Pedro Barrancos

Personal information
- Full name: Pedro José Barrancos Miras
- Date of birth: 10 March 1988 (age 38)
- Place of birth: Murcia, Spain
- Height: 1.81 m (5 ft 11+1⁄2 in)
- Position: Forward

Team information
- Current team: Orihuela

Youth career
- Murcia

Senior career*
- Years: Team / Apps / (Gls)
- 2006: Murcia / 1 / (0)
- 2005–2007: Murcia B / 2 / (0)
- 2007–2008: Sangonera / 32 / (7)
- 2008–2010: Murcia B / 60 / (4)
- 2010–2012: Granada / 0 / (0)
- 2011: → Logroñés (loan) / 2 / (1)
- 2012: → Cádiz (loan) / 1 / (0)
- 2012: → Caravaca (loan) / 14 / (1)
- 2012–2013: UCAM Murcia / 7 / (0)
- 2013: Iraklis Psachna / 14 / (1)
- 2013–2014: UCAM Murcia / 28 / (8)
- 2014–2015: Arroyo / 20 / (1)
- 2015–: Orihuela / 0 / (0)

= Pedro Barrancos =

Spanish footballer

Pedro José Barrancos Miras (born 10 March 1988) is a Spanish professional footballer who plays for Orihuela CF as a forward.

==Club career==
Born in Murcia, Barrancos was a Real Murcia youth graduate. On 17 June 2006, without even appearing for the reserves he made his professional debut, playing the last 16 minutes of a 0–1 away loss against Sporting de Gijón in the Segunda División.

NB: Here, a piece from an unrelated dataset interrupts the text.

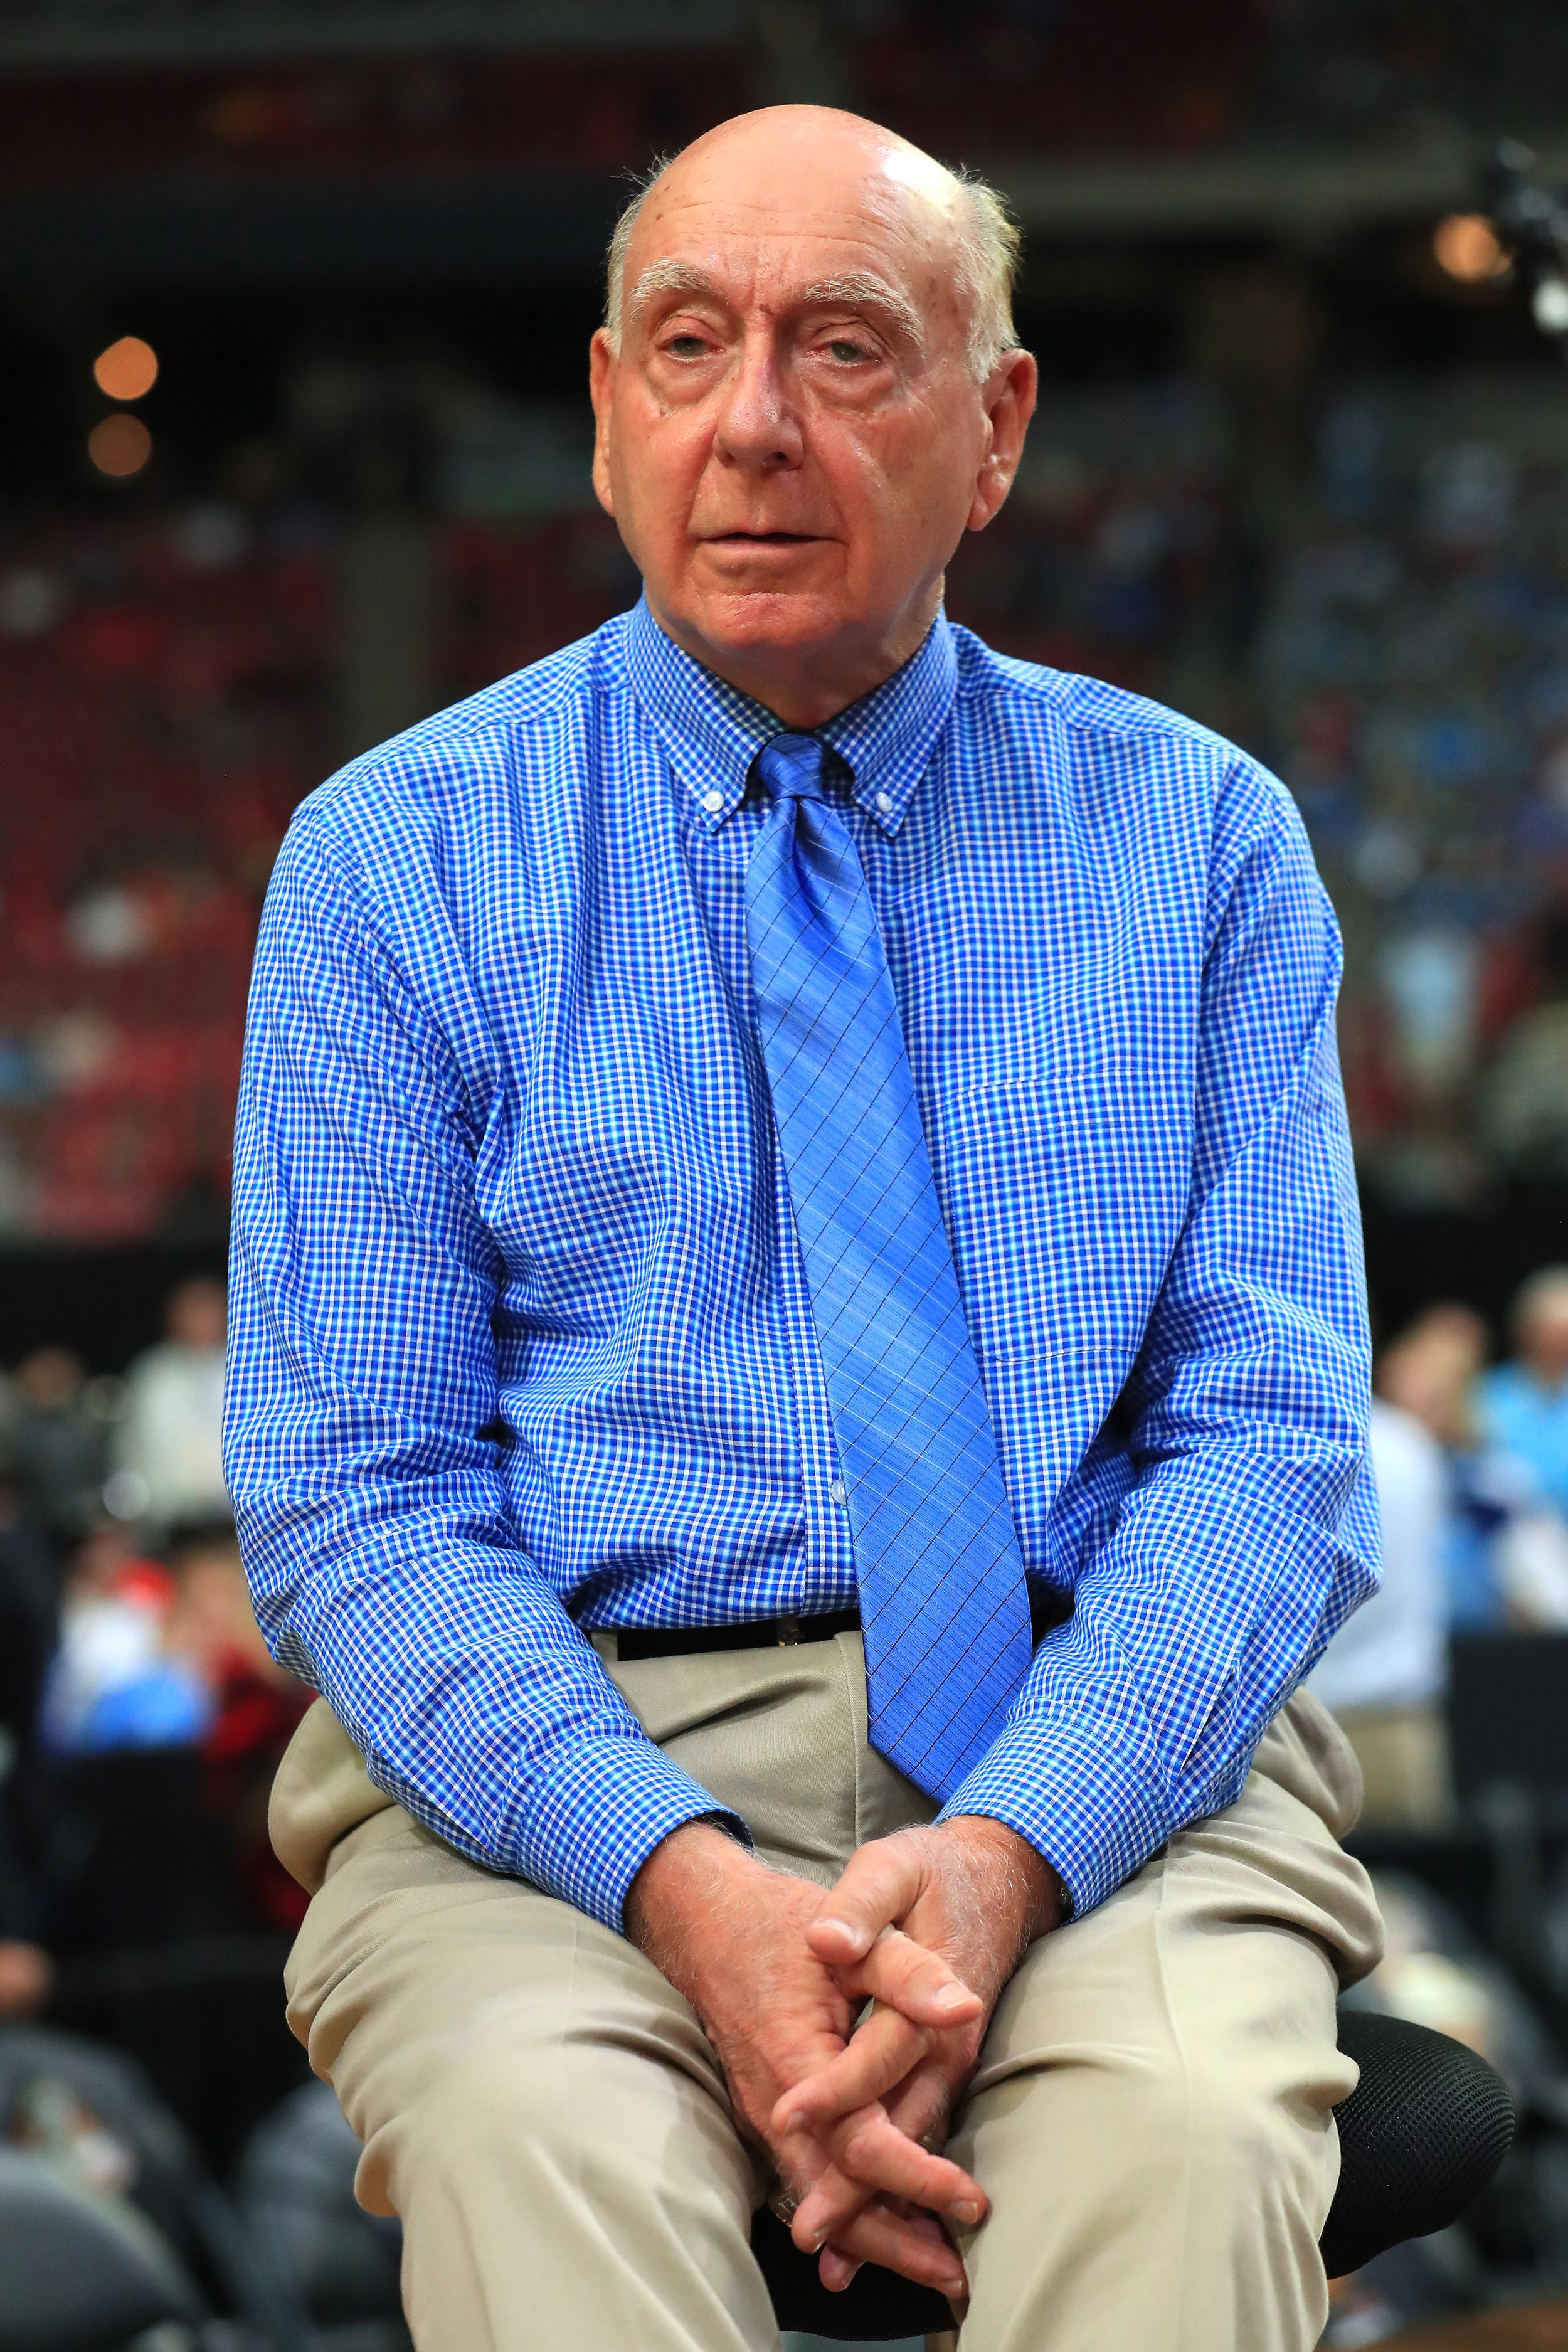 Dick Vitale says he has lymphoma and will have chemotherapy | CNN

In the 2008 summer Barrancos was loaned to Tercera División's Sangonera Atlético CF, appearing regularly and winning promotion at the end of the campaign. On 16 June 2010, he signed a four-year deal with Granada CF, newly promoted to the second level.

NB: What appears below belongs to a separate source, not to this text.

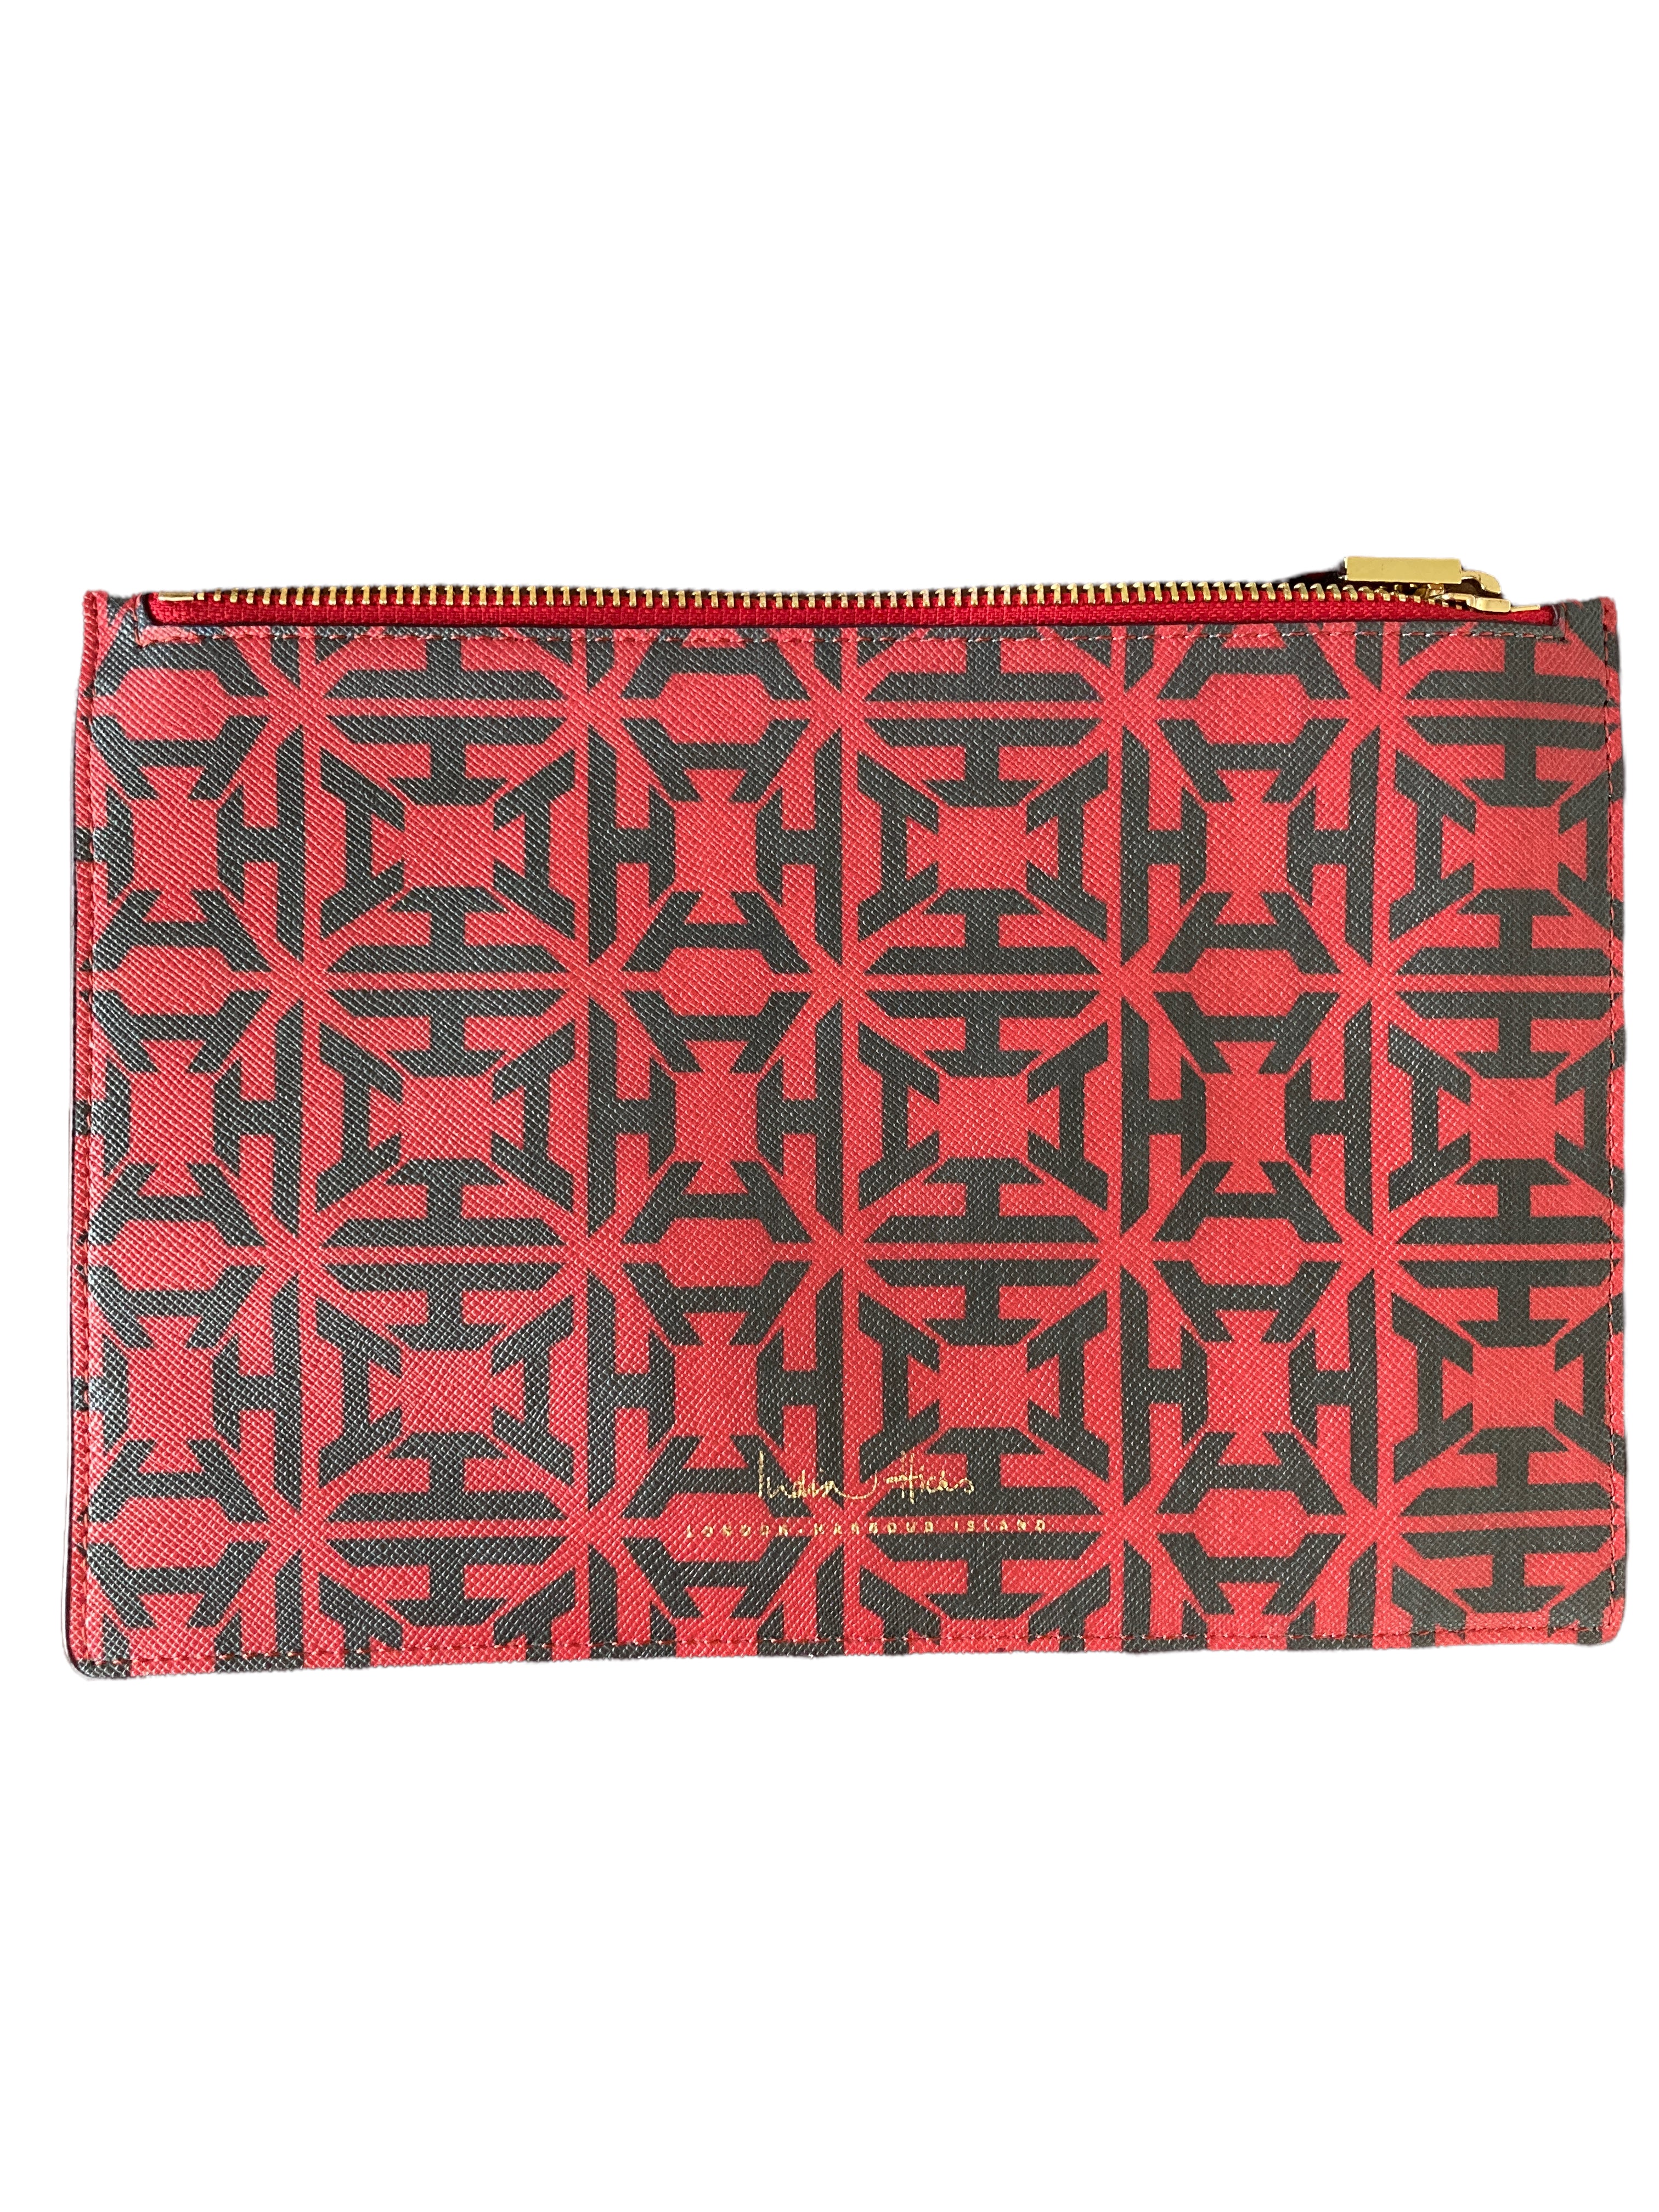 India Hicks Red/Charcoal Flat Stanley Zippered Clutch

After appearing only in a Copa del Rey match against Real Betis for the Andalusians, Barrancos was loaned to Segunda División B club UD Logroñés on 28 December, until the end of the season. He subsequently served another temporary spell at Cádiz CF and Caravaca CF, and on 1 August 2012 he rescinded his link, joining UCAM Murcia CF a day later.

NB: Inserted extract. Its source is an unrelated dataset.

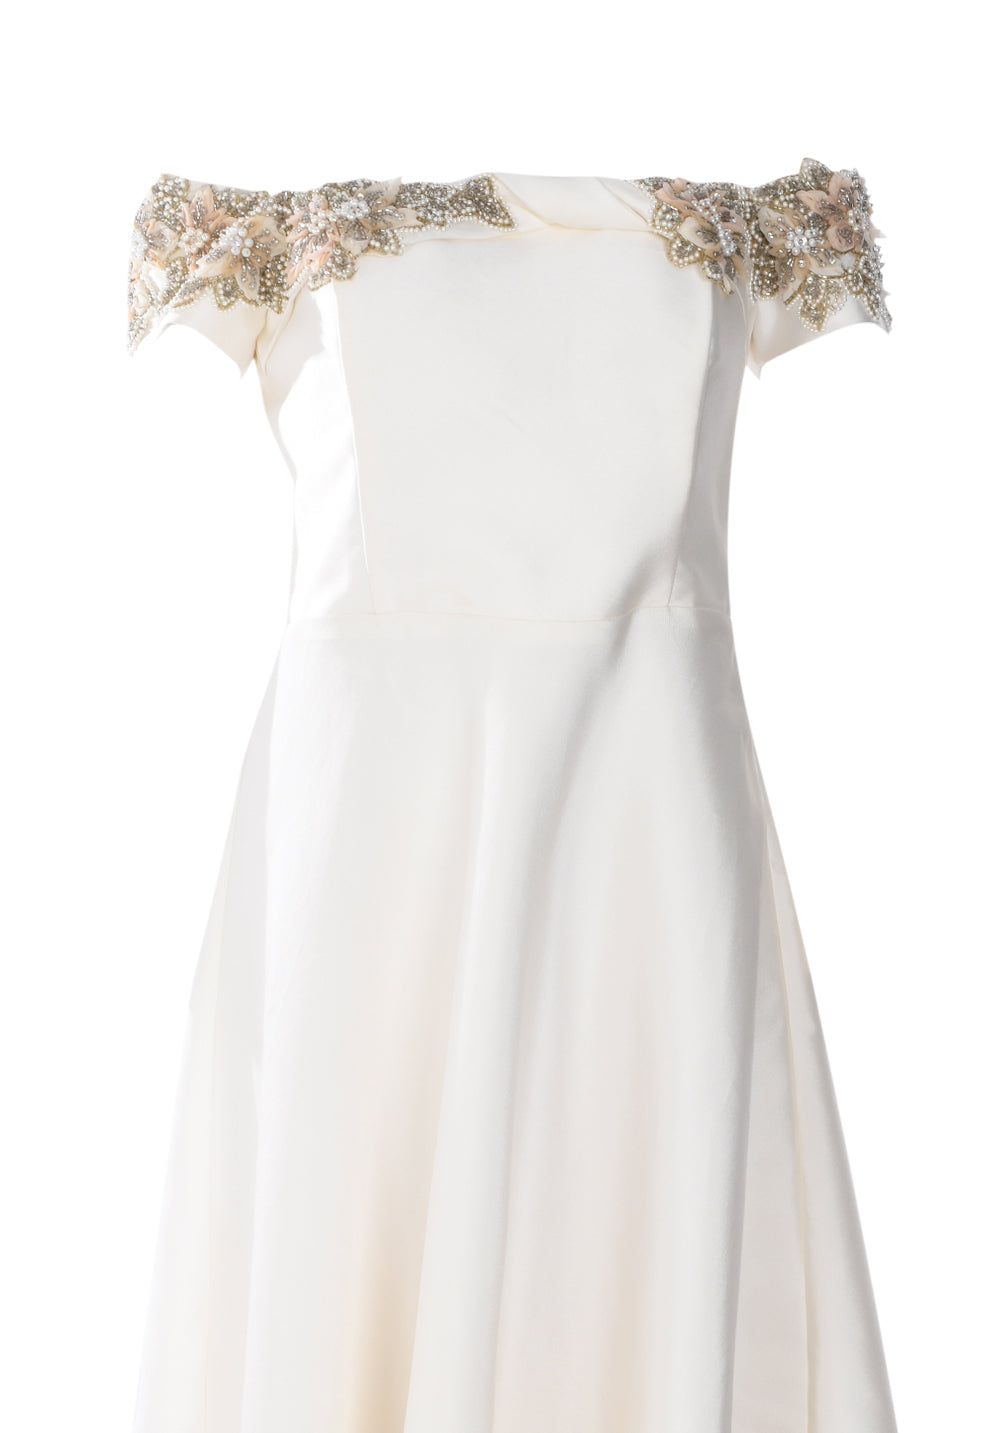 SHORT SLEEVED SQUARE NECK DRESS WITH EMBROIDERED EMBELLISHMENTS ON THE NECK LINE AND BACK

On 9 January 2013 Barrancos moved abroad for the first time in his career, joining Greek Football League side Iraklis Psachna F.C. In June, however, he returned to his native country and joined former club UCAM Murcia, now in the fourth level.

On 20 July 2014 Barrancos moved to Arroyo CP, in the third division. In January of the following year he rescinded his link and moved to fourth level's Orihuela CF.